EXERCISE GOAL:
Output the listing below verbatim, but drop the images.

INFORMATION PROVIDED:
====

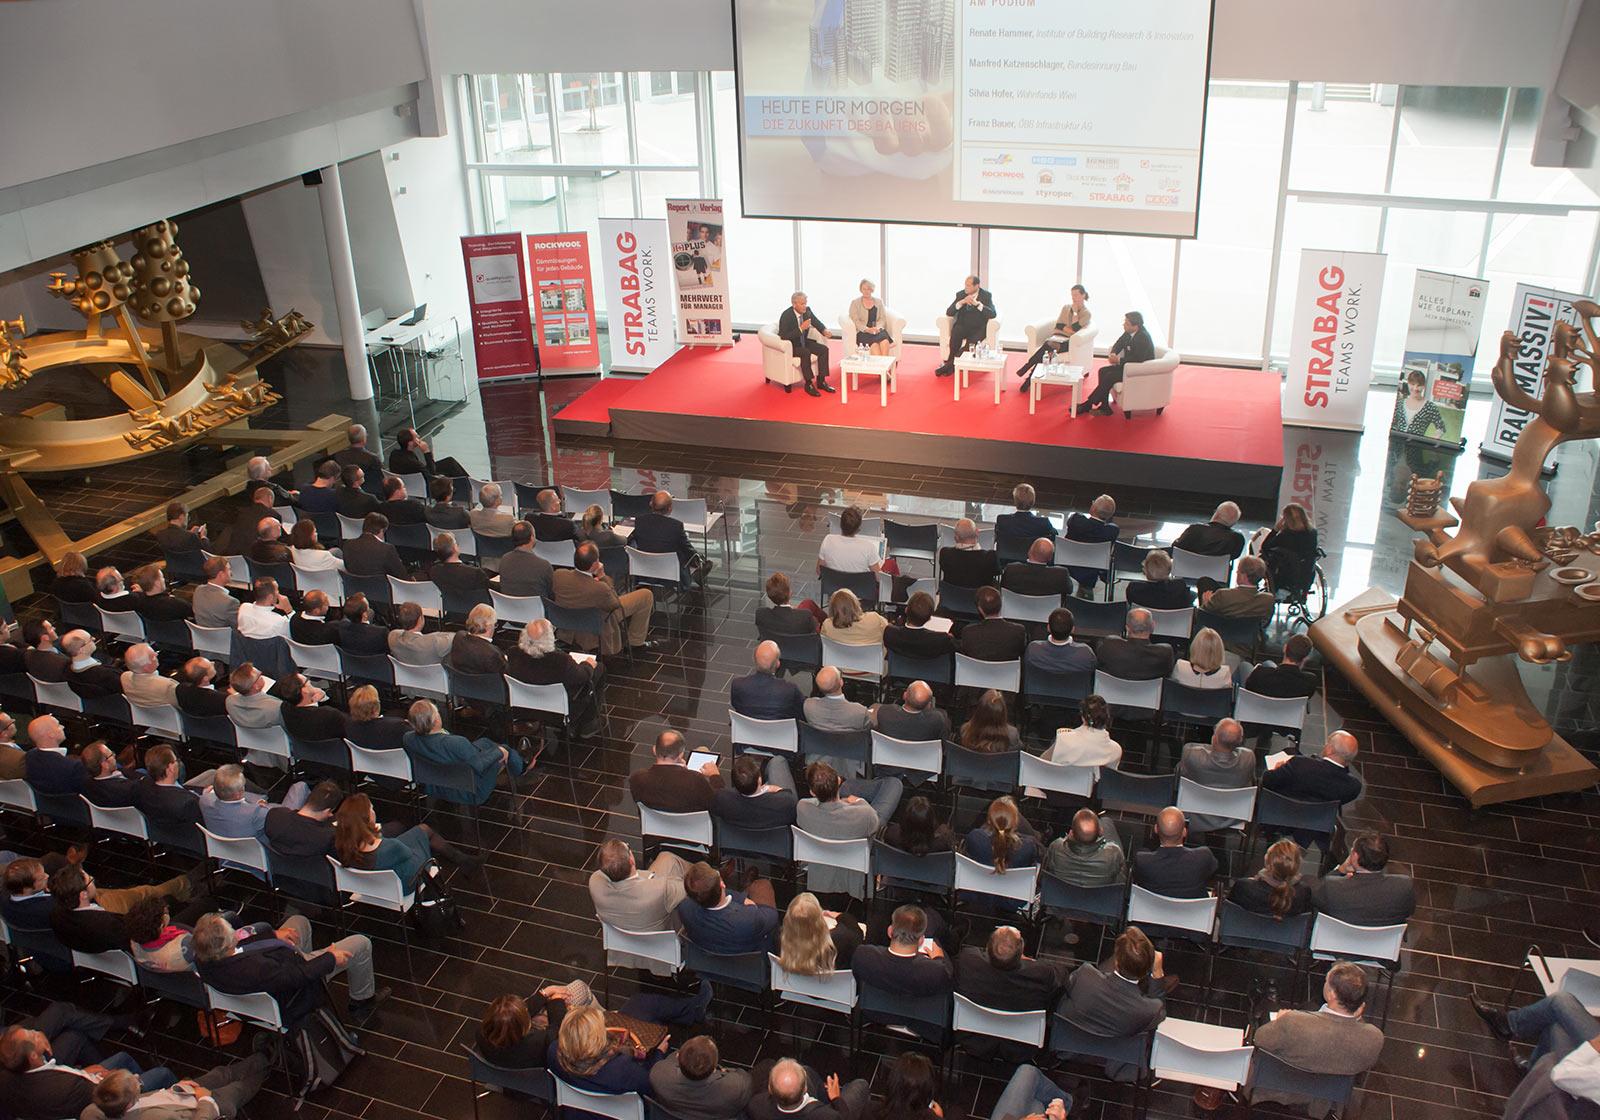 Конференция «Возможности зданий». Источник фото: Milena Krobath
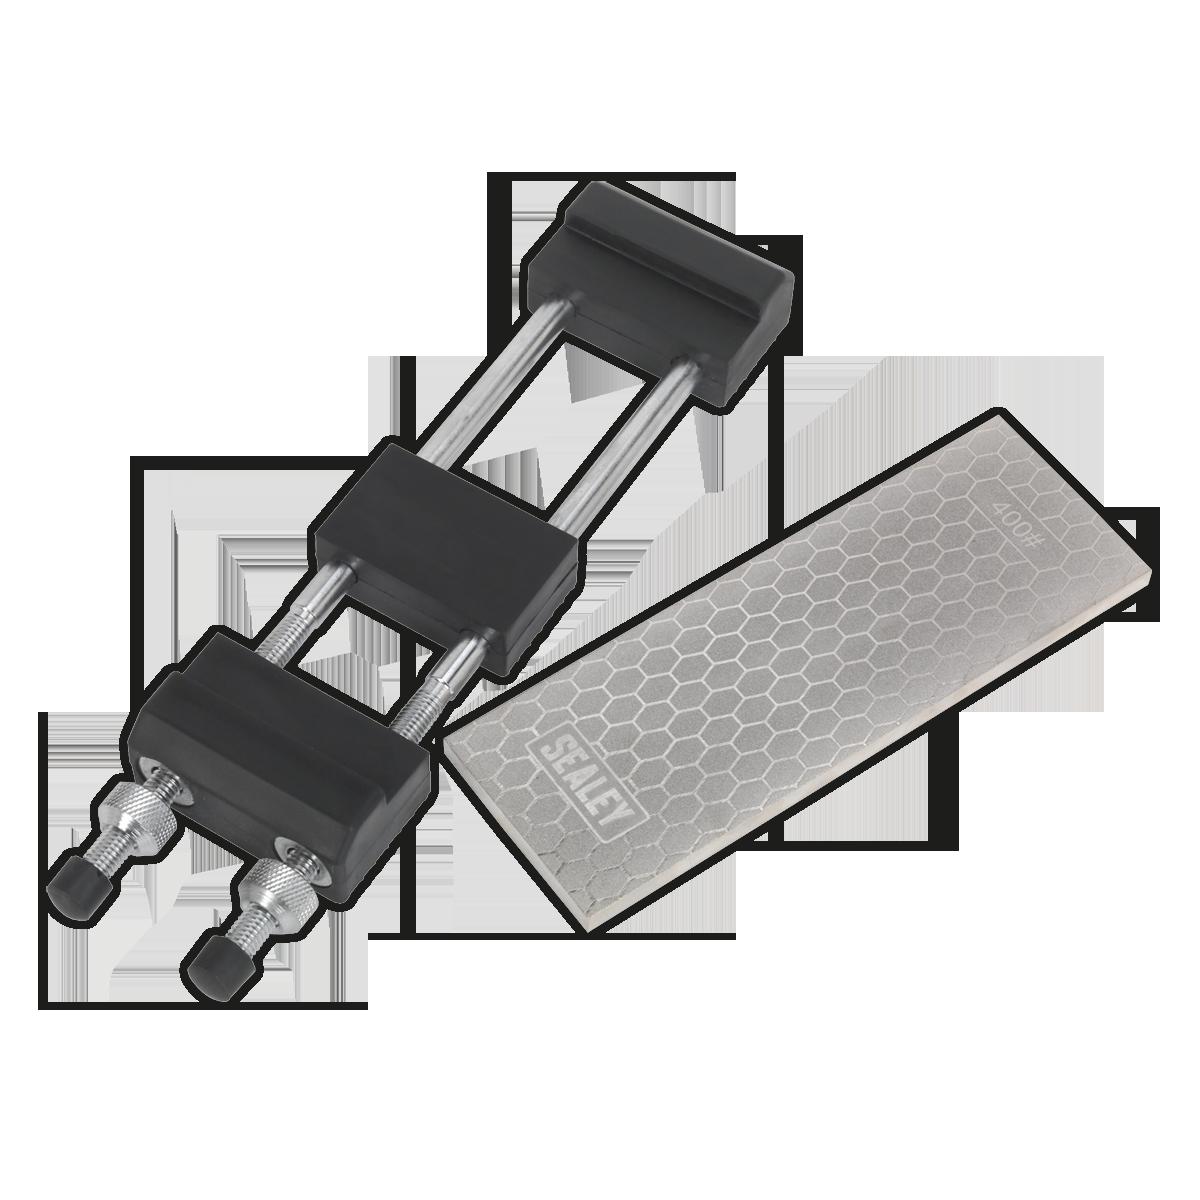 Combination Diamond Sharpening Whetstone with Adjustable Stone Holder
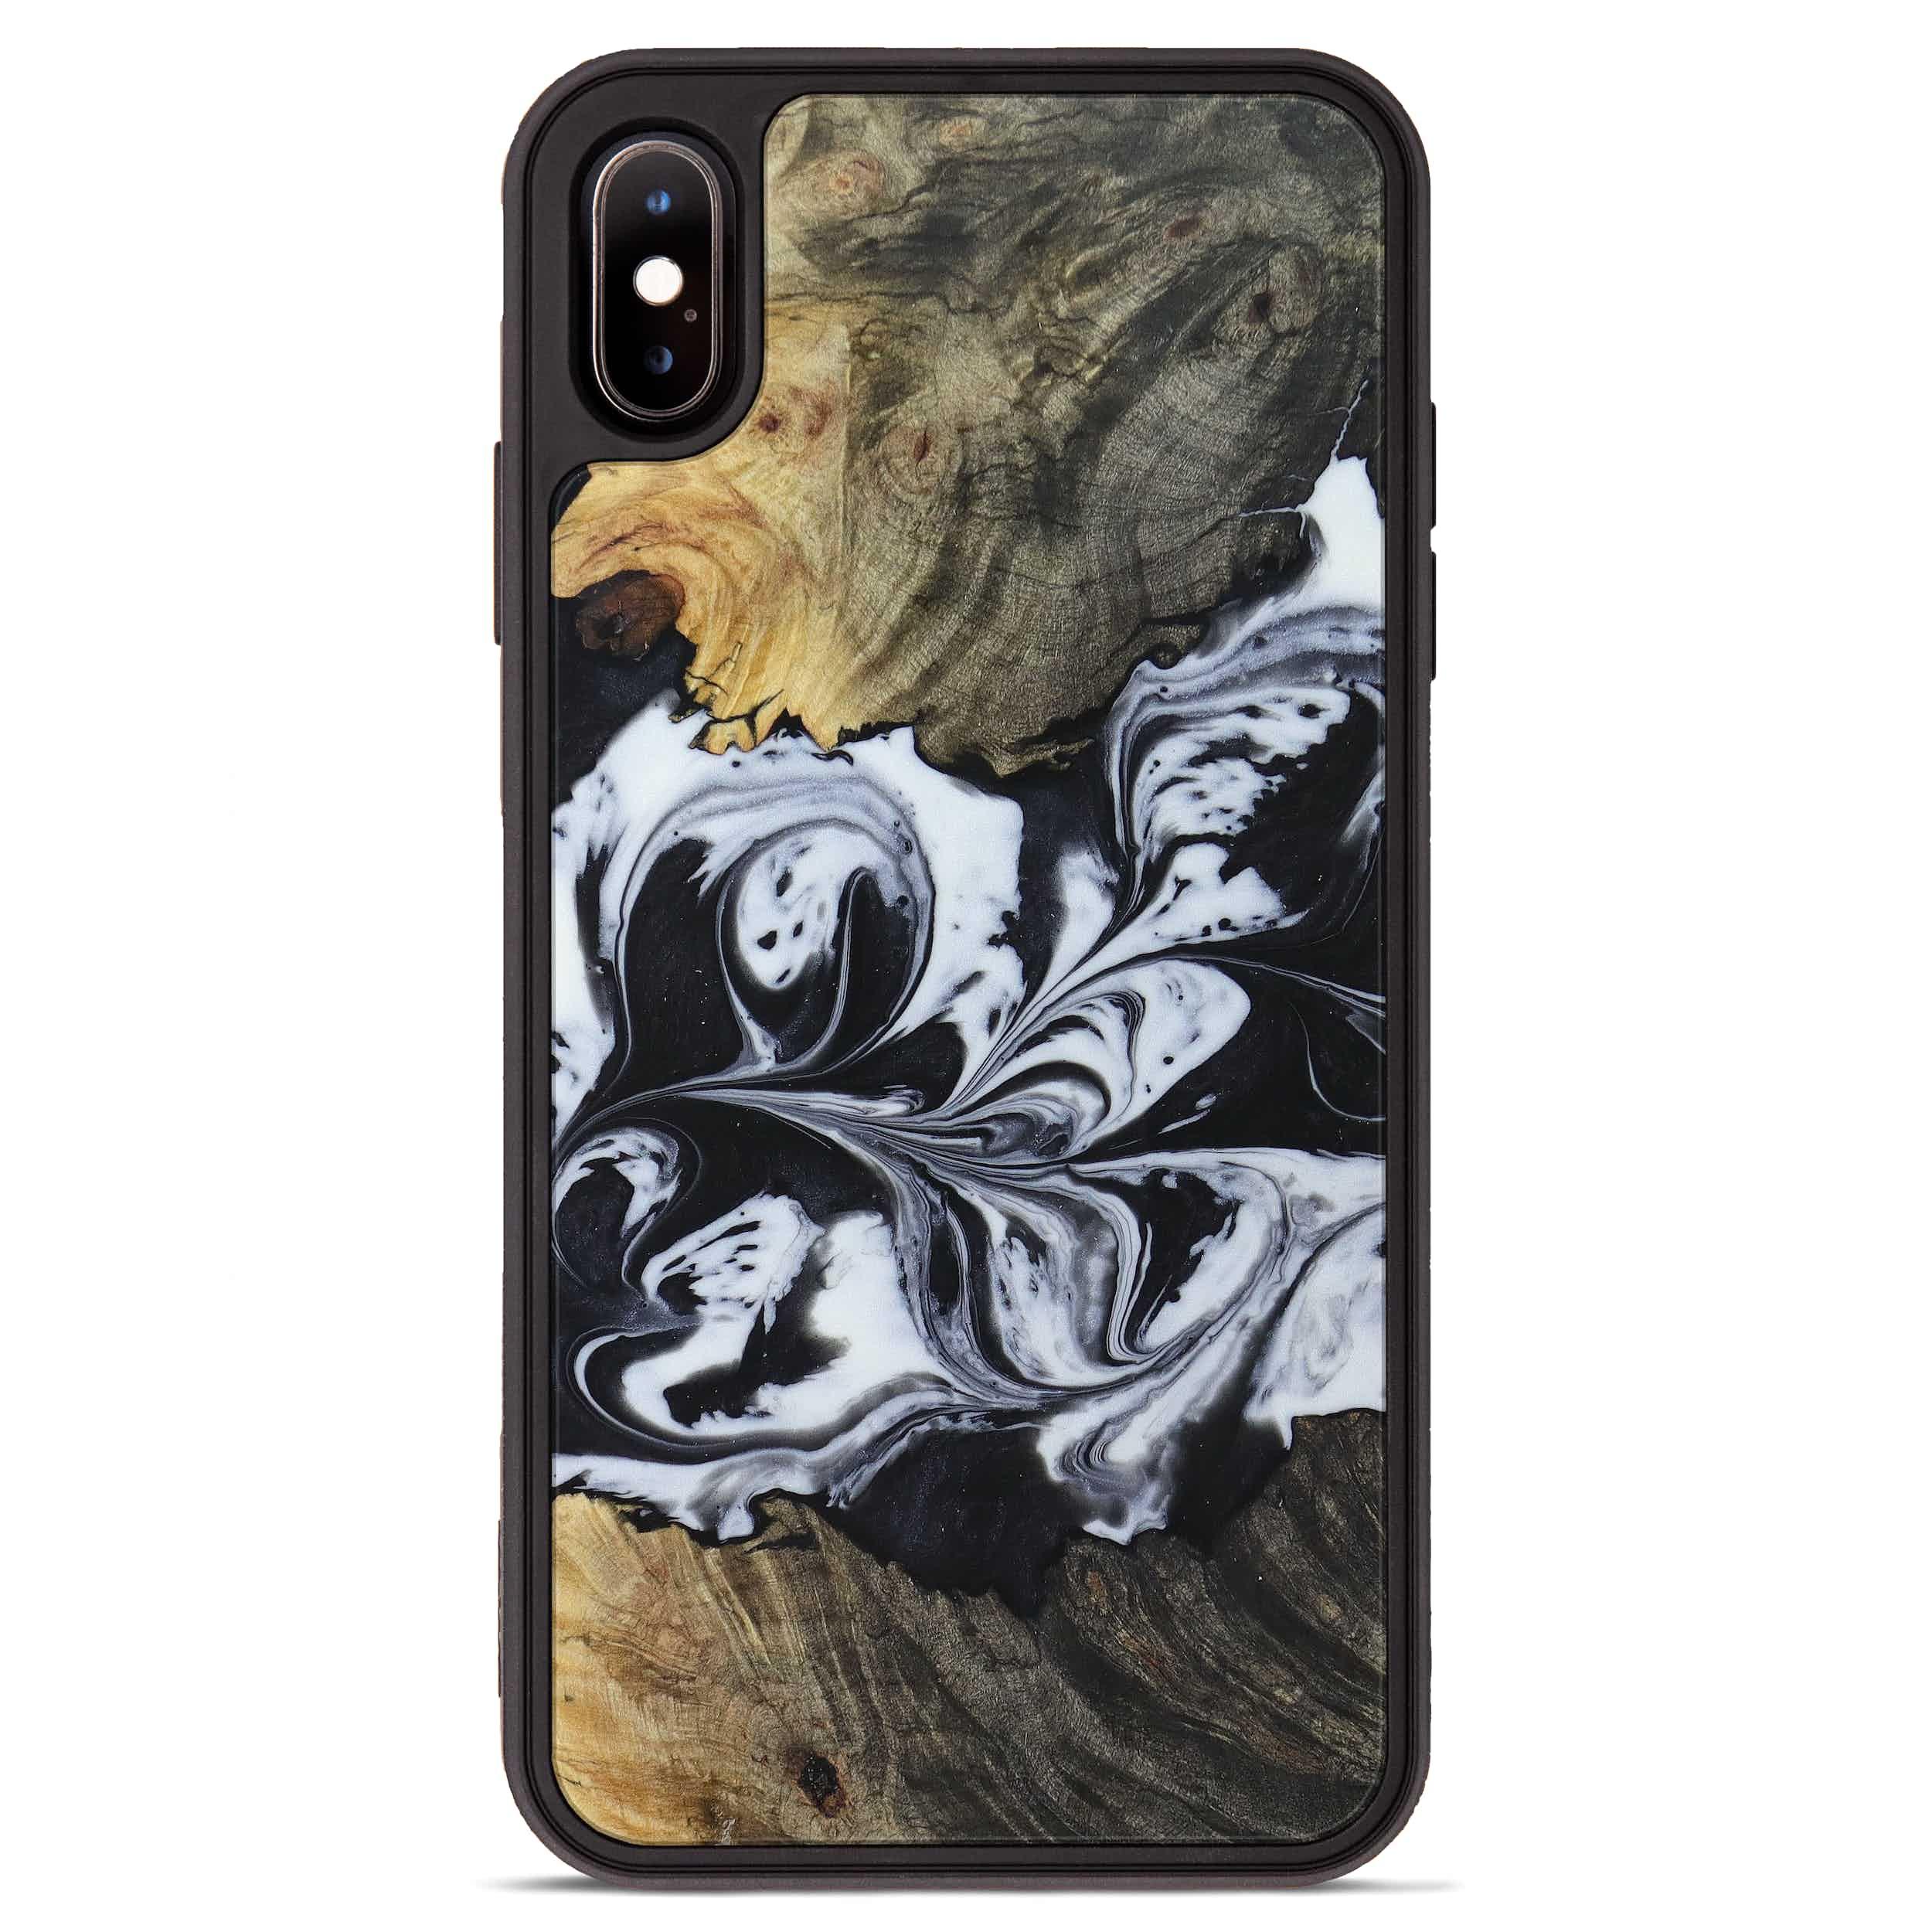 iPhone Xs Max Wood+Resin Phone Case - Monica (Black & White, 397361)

====

TASK RESPONSE:
 Конференция «Возможности зданий». Источник фото: Milena Krobath
 Combination Diamond Sharpening Whetstone with Adjustable Stone Holder
 iPhone Xs Max Wood+Resin Phone Case - Monica (Black & White, 397361)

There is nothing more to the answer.